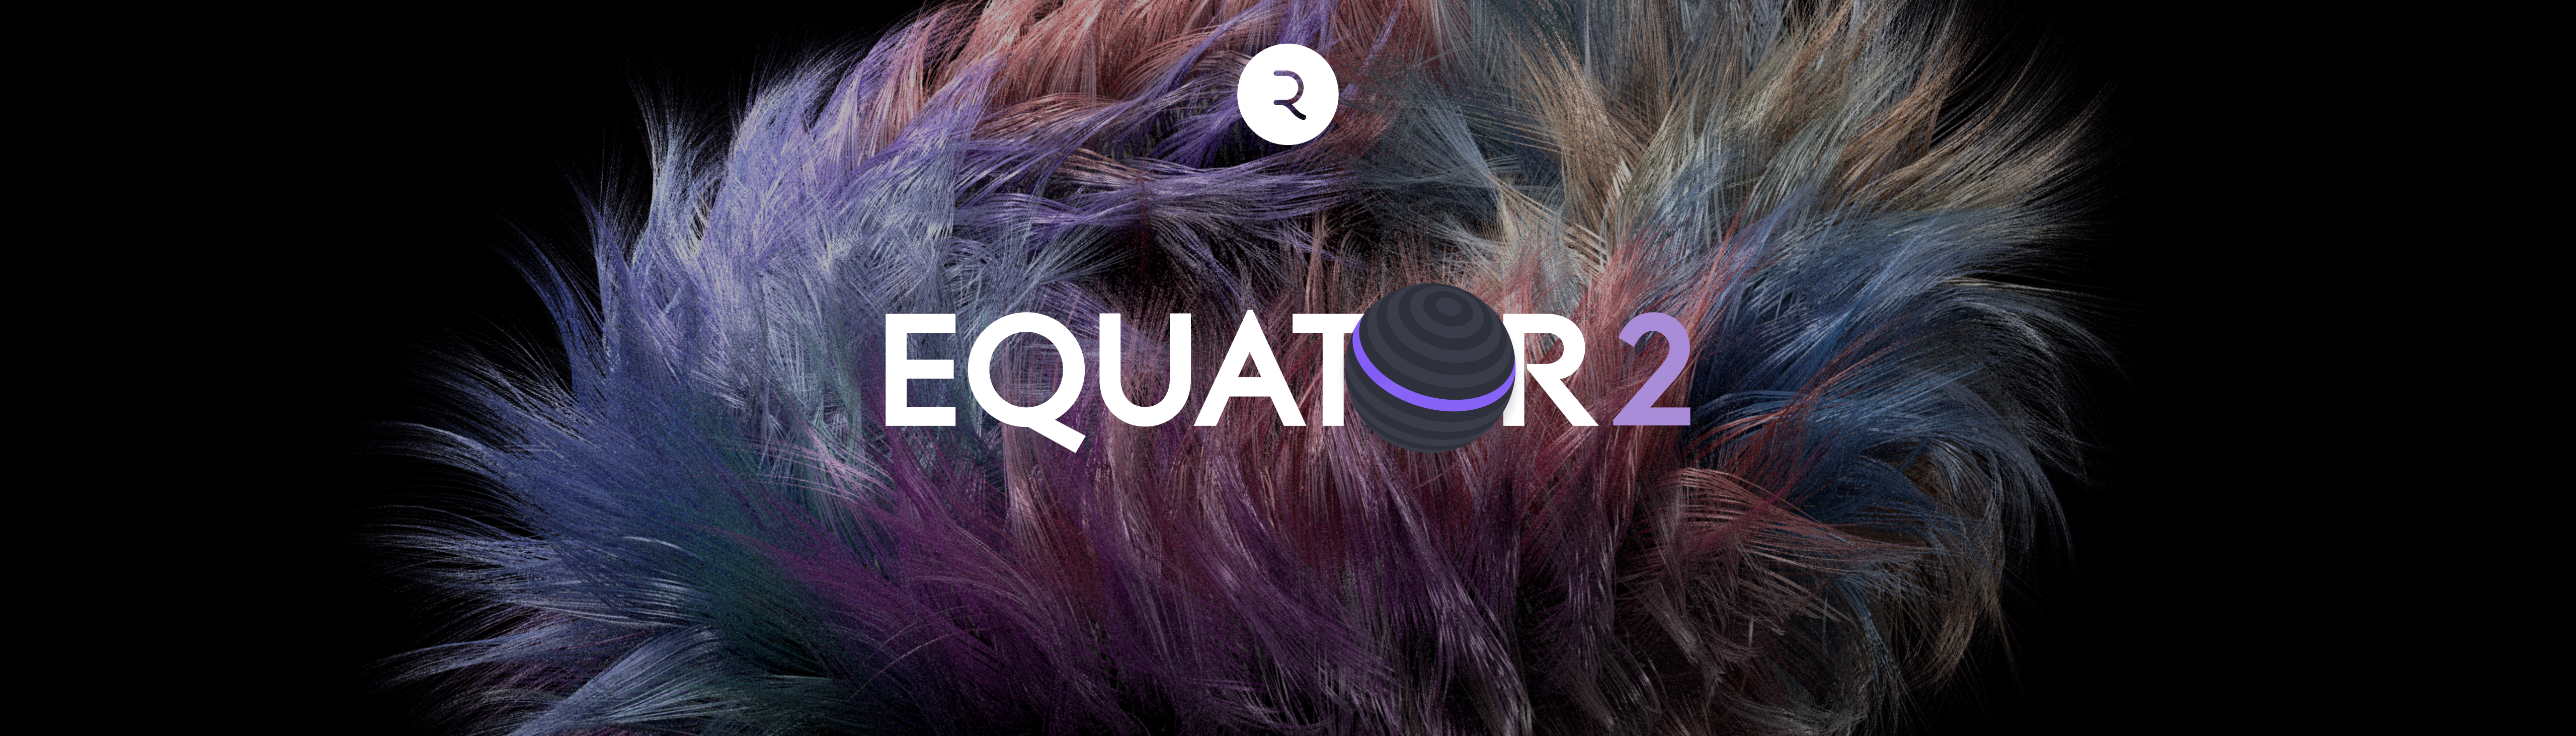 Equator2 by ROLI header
################
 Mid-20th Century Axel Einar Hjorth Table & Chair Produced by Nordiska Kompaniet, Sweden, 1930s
################
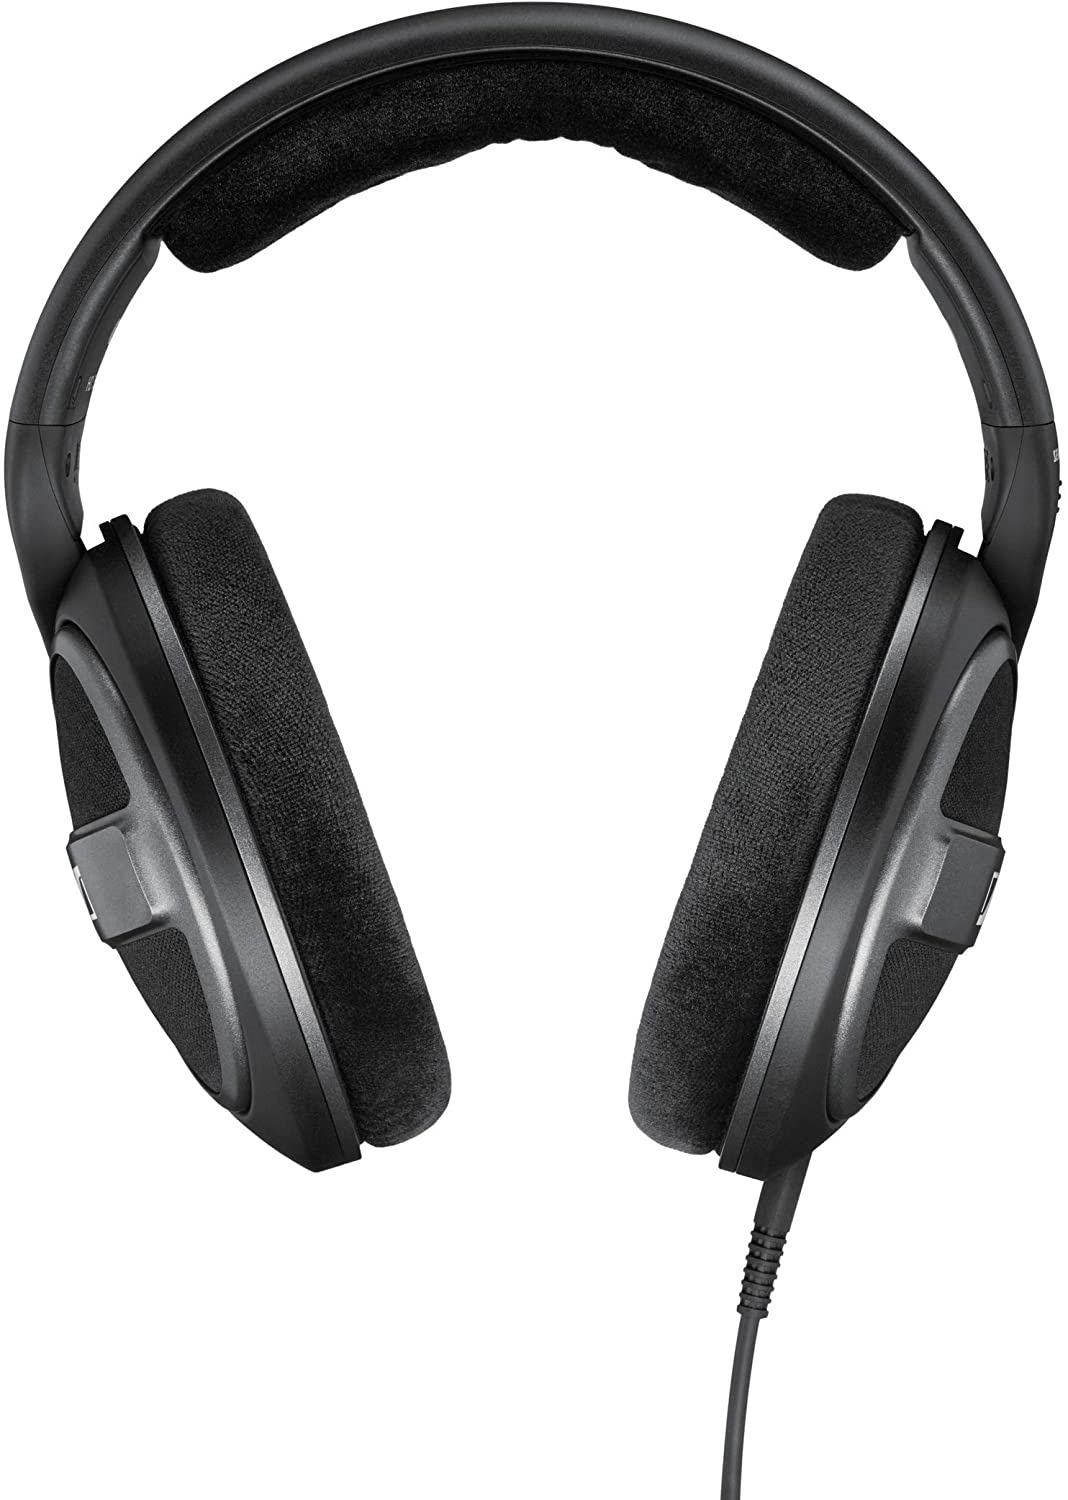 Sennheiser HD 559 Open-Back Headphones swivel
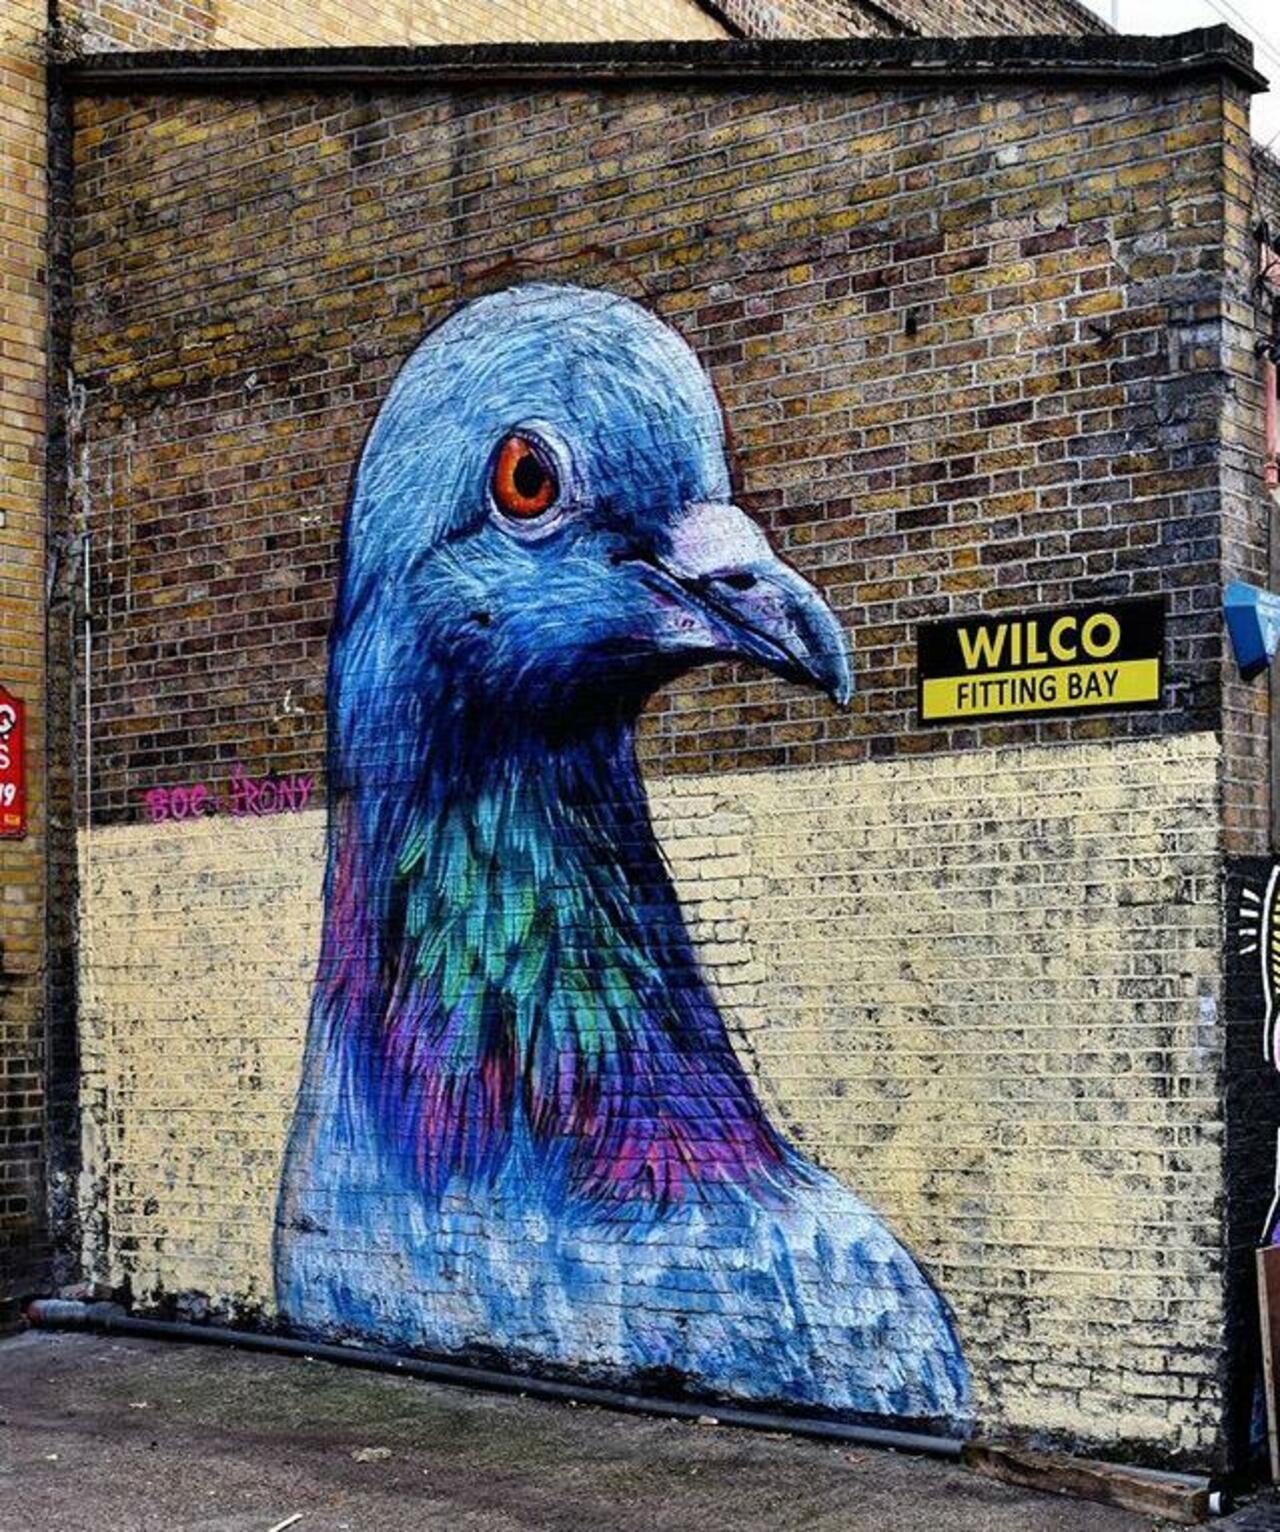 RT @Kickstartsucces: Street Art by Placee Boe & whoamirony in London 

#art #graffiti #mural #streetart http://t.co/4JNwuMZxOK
################
Your assignment >> Output exactly the lines of the listing above that start with the one holding "RT @Kickstartsucces: Street" and go on through the one holding "#art #graffiti #mural"; leave the pictures out.

Response to this task >>
 RT @Kickstartsucces: Street Art by Placee Boe & whoamirony in London 

#art #graffiti #mural #streetart http://t.co/4JNwuMZxOK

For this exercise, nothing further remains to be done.